> Exercise requirements
Pictures aside, quote the whole listing exactly.

[[ Provided data, beginning ]]

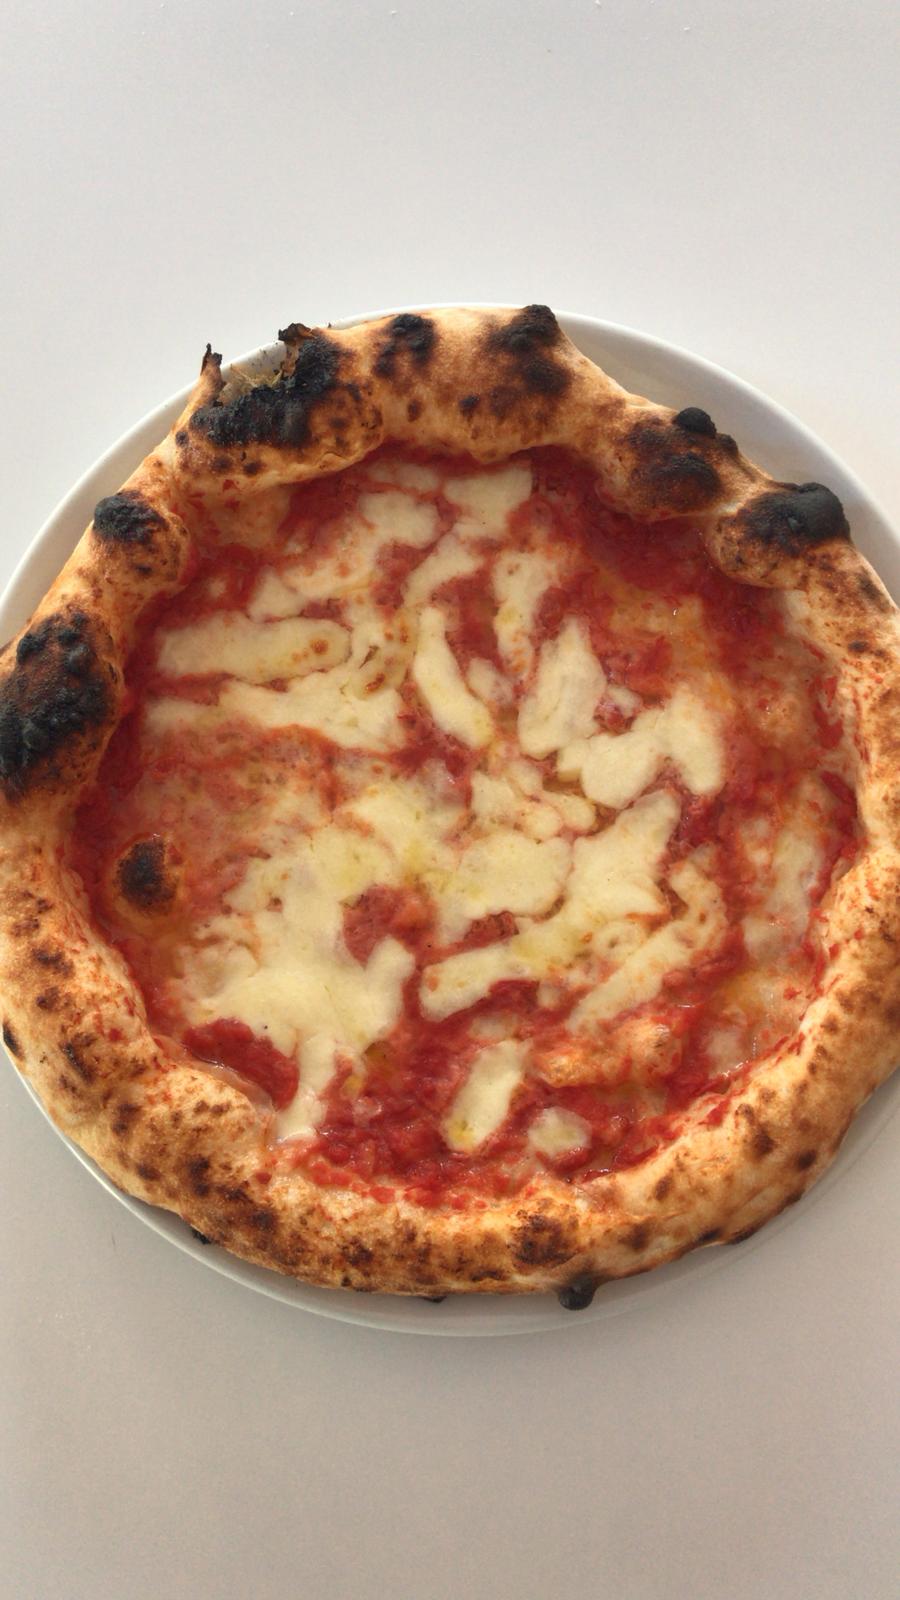 < img src="http://www.la-notizia.net/pizza" alt="pizza"
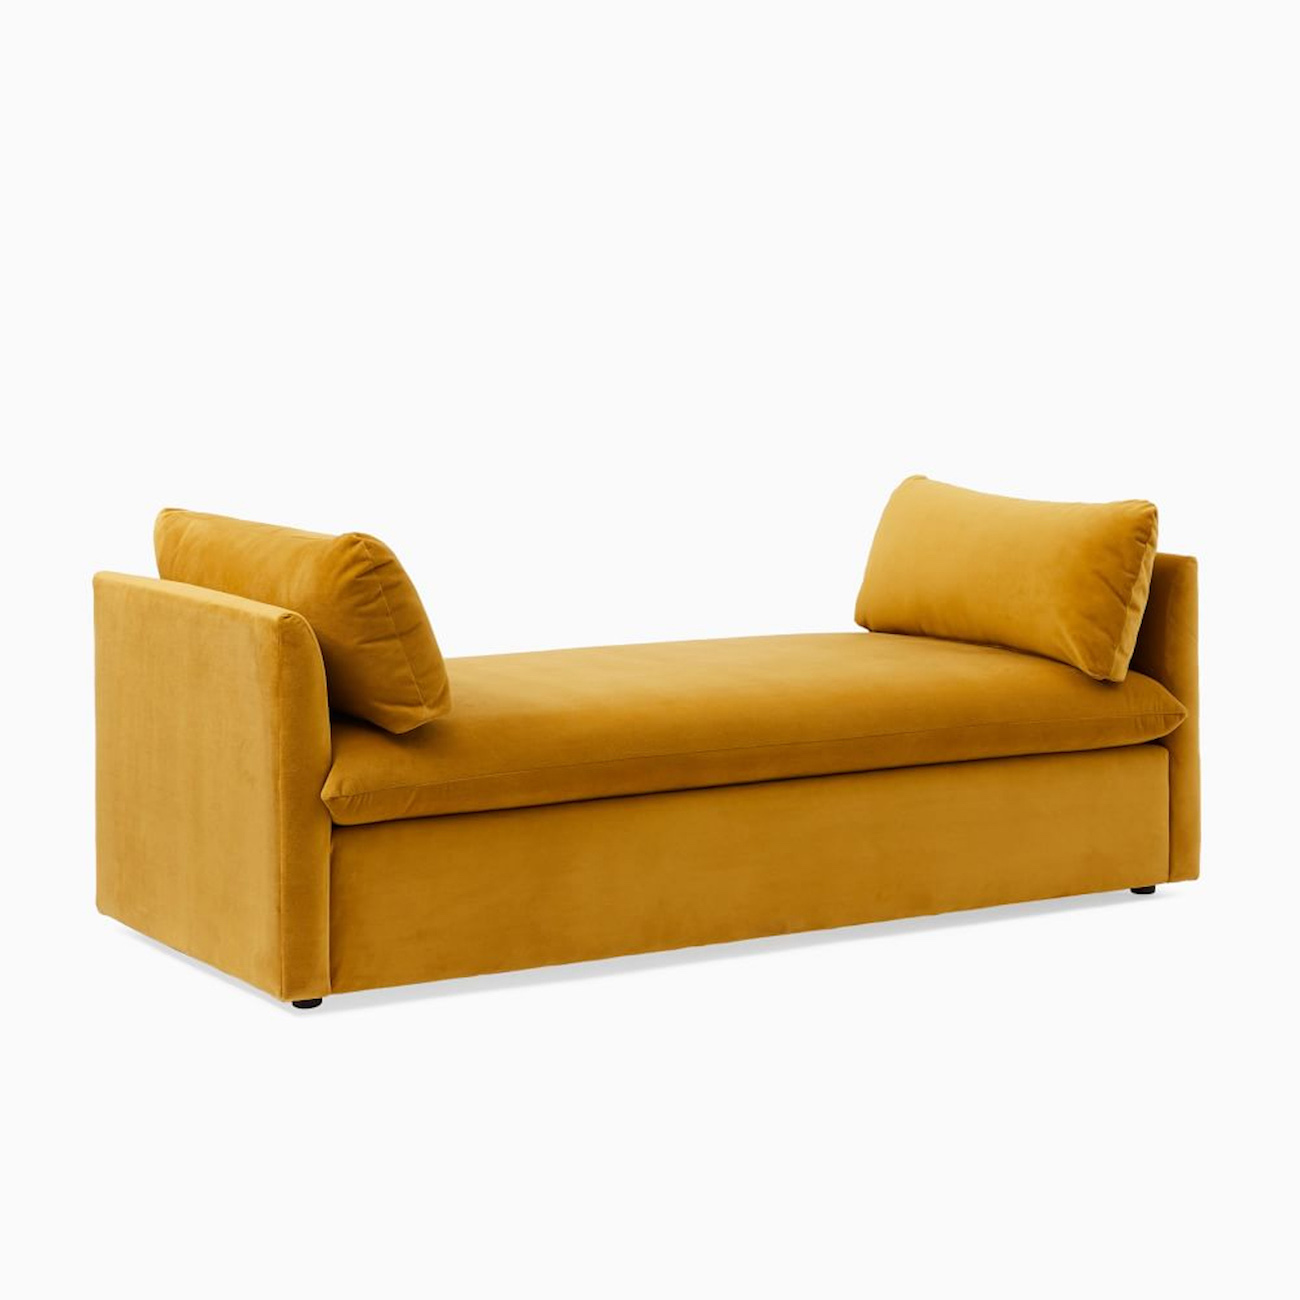 5 Sofa Beds To Hone Your Small E
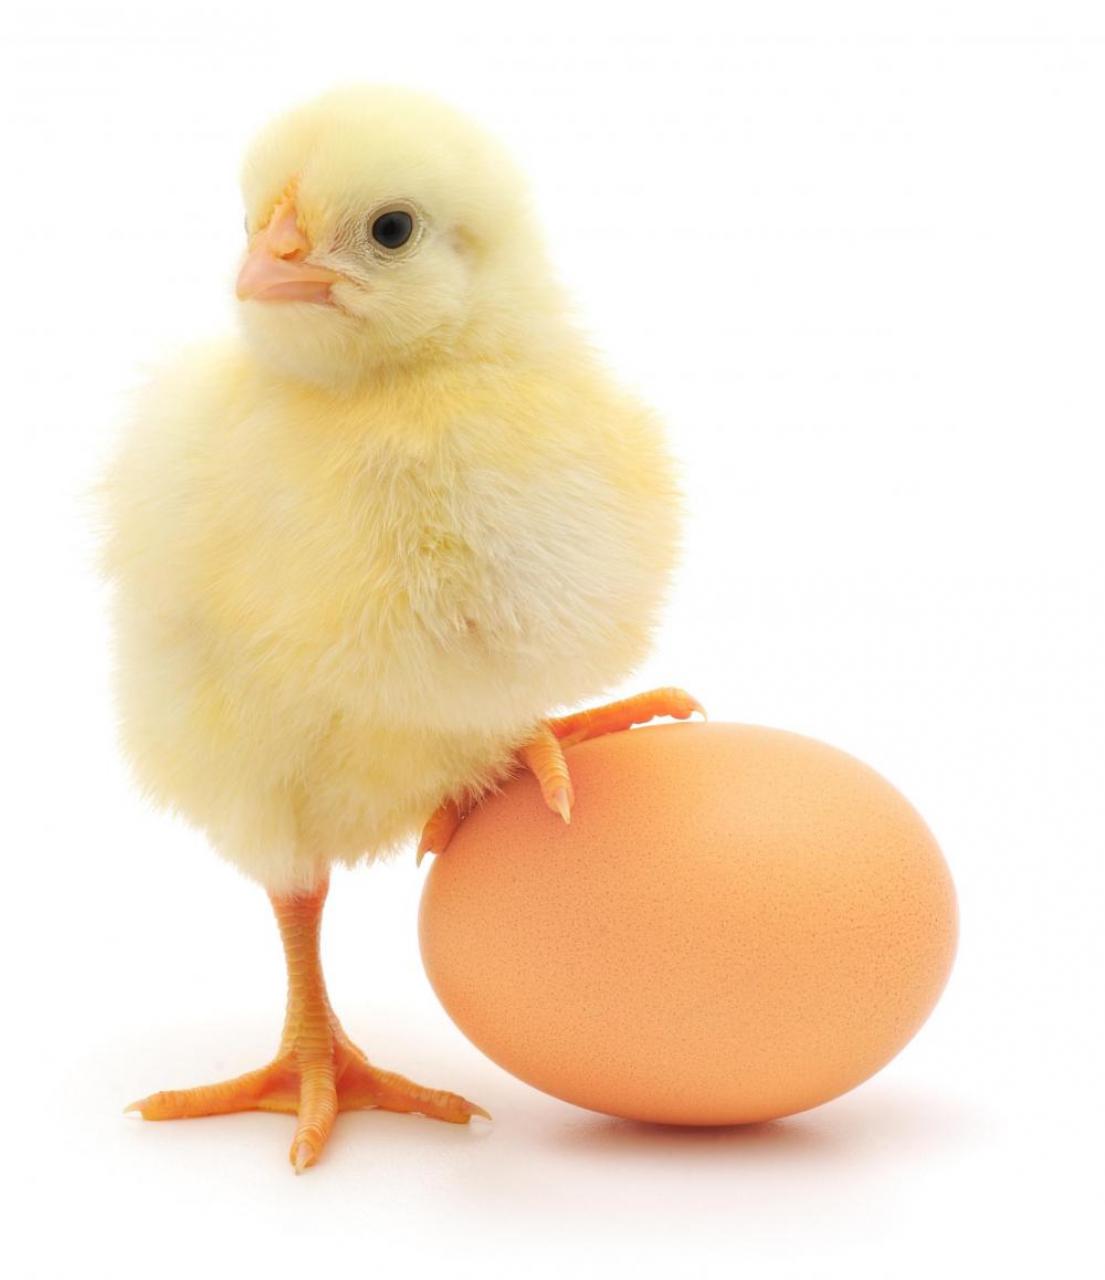 baby-chick-and-an-egg_4473966_lrg.jpg

[[ Provided data, end ]]

> Answer space
 < img src="http://www.la-notizia.net/pizza" alt="pizza"
 5 Sofa Beds To Hone Your Small E
 baby-chick-and-an-egg_4473966_lrg.jpg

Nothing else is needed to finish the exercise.